Because of the Corona Virus Disease (COVID-19) pandemic scenario that the world is going through right now, there has been a surge in the requirement for emergency life support systems like ventilators. Con- ventional ventilators used in Intensive Care Unit (ICU)s tend to be bulky and expensive, and demand high power consumption and trained experts to operate. The aim of the project is to deliver a solution for the grow- ing demand for portable ventilators and a viable replacement for nurse assisted artificial resuscitation. Mechanical ventilation is the process of supplying scheduled breaths to a patient who lacks the ability to do the Work of Breathing (WOB) himself/herself. The pattern of breathing for every patient is identified using sensor(s) and the required volume of air is supplied by compressing a Bag Valve Mask (BVM) device.
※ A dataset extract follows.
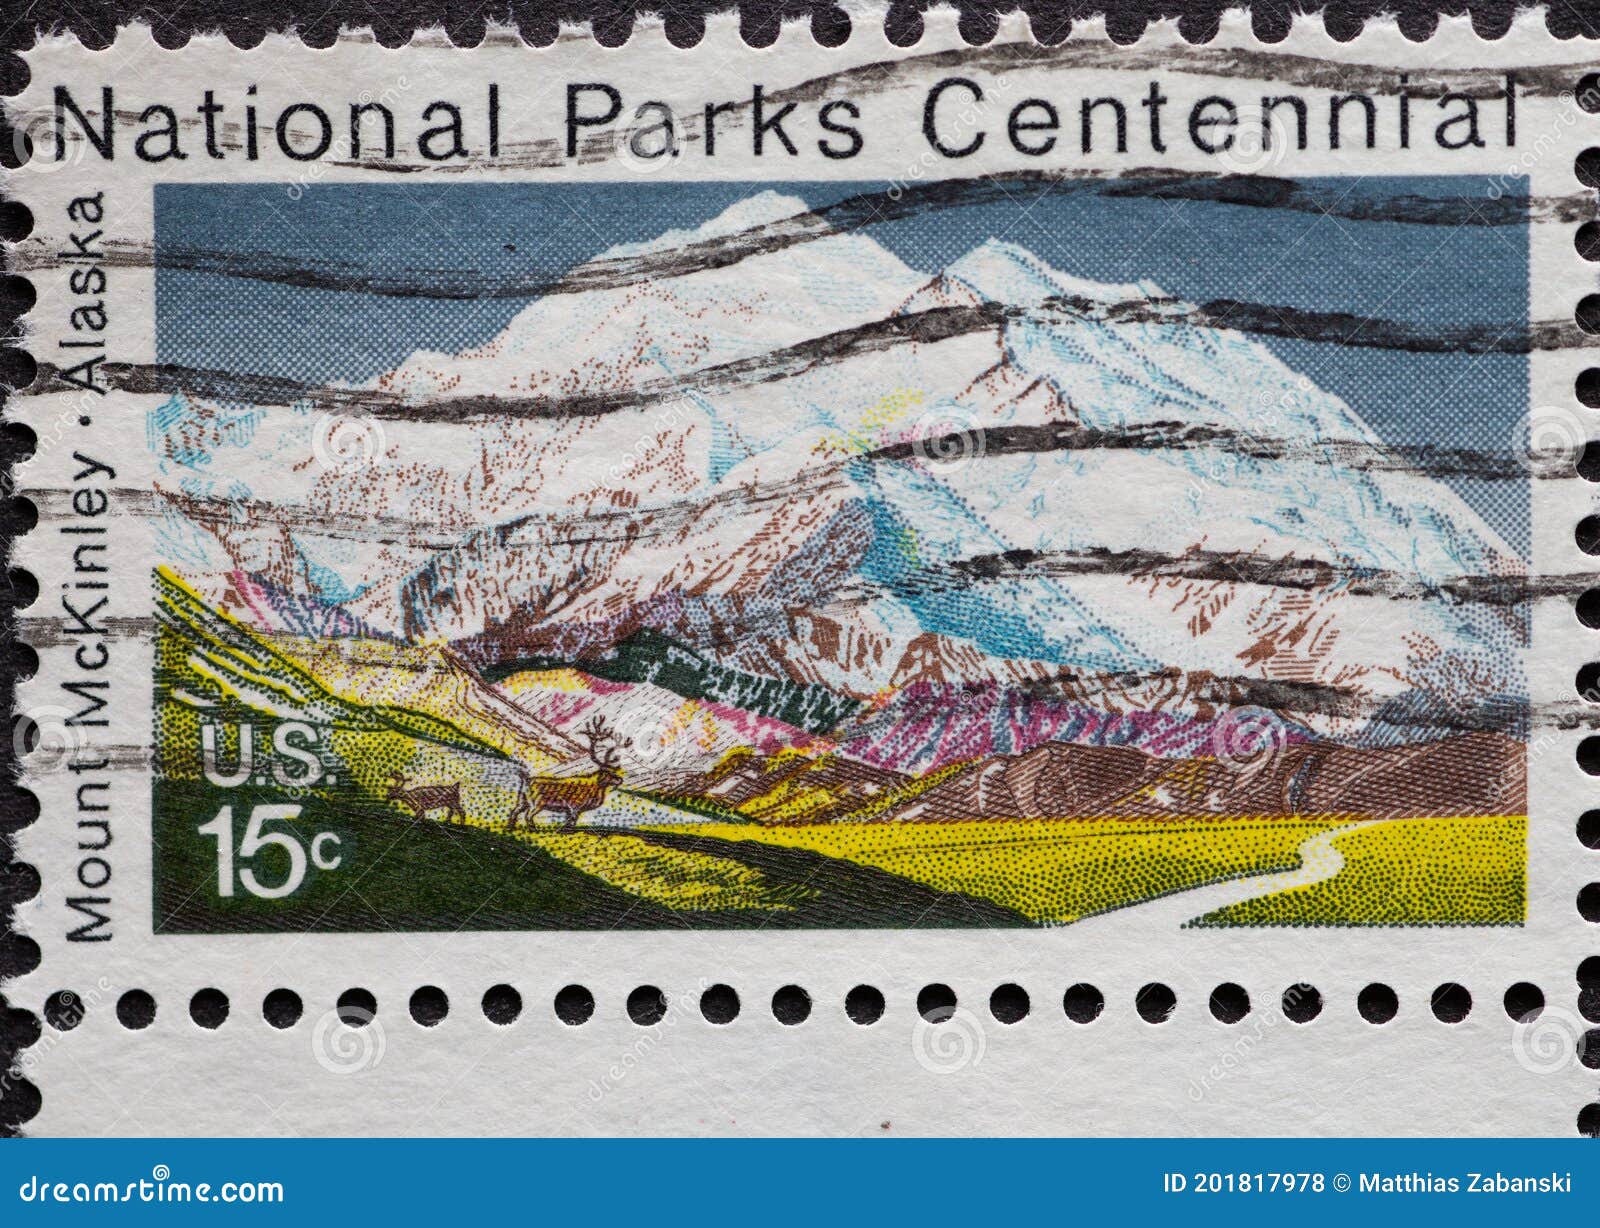 Mt McKINLEY NATIONAL PARK Alaska Sheet of 20 Scenic Usa Landscapes Stamps- Unused Fresh Bright Vintage 2009 Stock# C137- Free Usa Ship

A machine learning algorithm learns the pattern of breathing and adjusts the pressure and volume controls specific to every patient. All operations and control mode switching for the device can be done using an Android app, hence making it user friendly.

Methodology / Approach

Our solution is capable to support the 1. Static Ventilation, 2. Dynamic Ventilation and has a fail-safe mechanism. Request you to see the demo. The demo - https://youtu.be/XJsvNUQOpOY

The entire system is implemented on the Cloud. We have chosen Amazon Web Services (AWS), the number one cloud service provider, for our implementation. Since we need data to be sent and received over a secure channel with very low latency, we use the fully managed MQTT broker which is provided by the AWS IoT Core service. The data which flows in and out of the system and the number of connection attempts can be visualized in the console itself.

The following steps were followed to establish a connection with the Cloud:

1. Generated and downloaded the necessary certificates from the Console and configuring the necessary policies to connect to the corresponding AWS account securely.

2. Converted the certificates into a proper format that can be comprehended by the microcontroller once flashed onto it, using OpenSSL.

3. In order for the Android application to communicate with the AWS account, we set up similar policies using the AWS Cognito service, which would act in place of the certificates that would be used in the microcontroller.

4. Configured the MQTT Client, where one can publish/subscribe to any topic, with messages of any specified format.

Once the Cloud set-up was complete, we moved on to writing the code that would be flashed on to the microcontroller, which would cover basic operations such as connecting to the Internet, communicating with the AWS Cloud, and controlling the stepper motor. After the completion, the entire code along with the certificates had to be bundled together and finally flashed onto the NodeMCU microcontroller.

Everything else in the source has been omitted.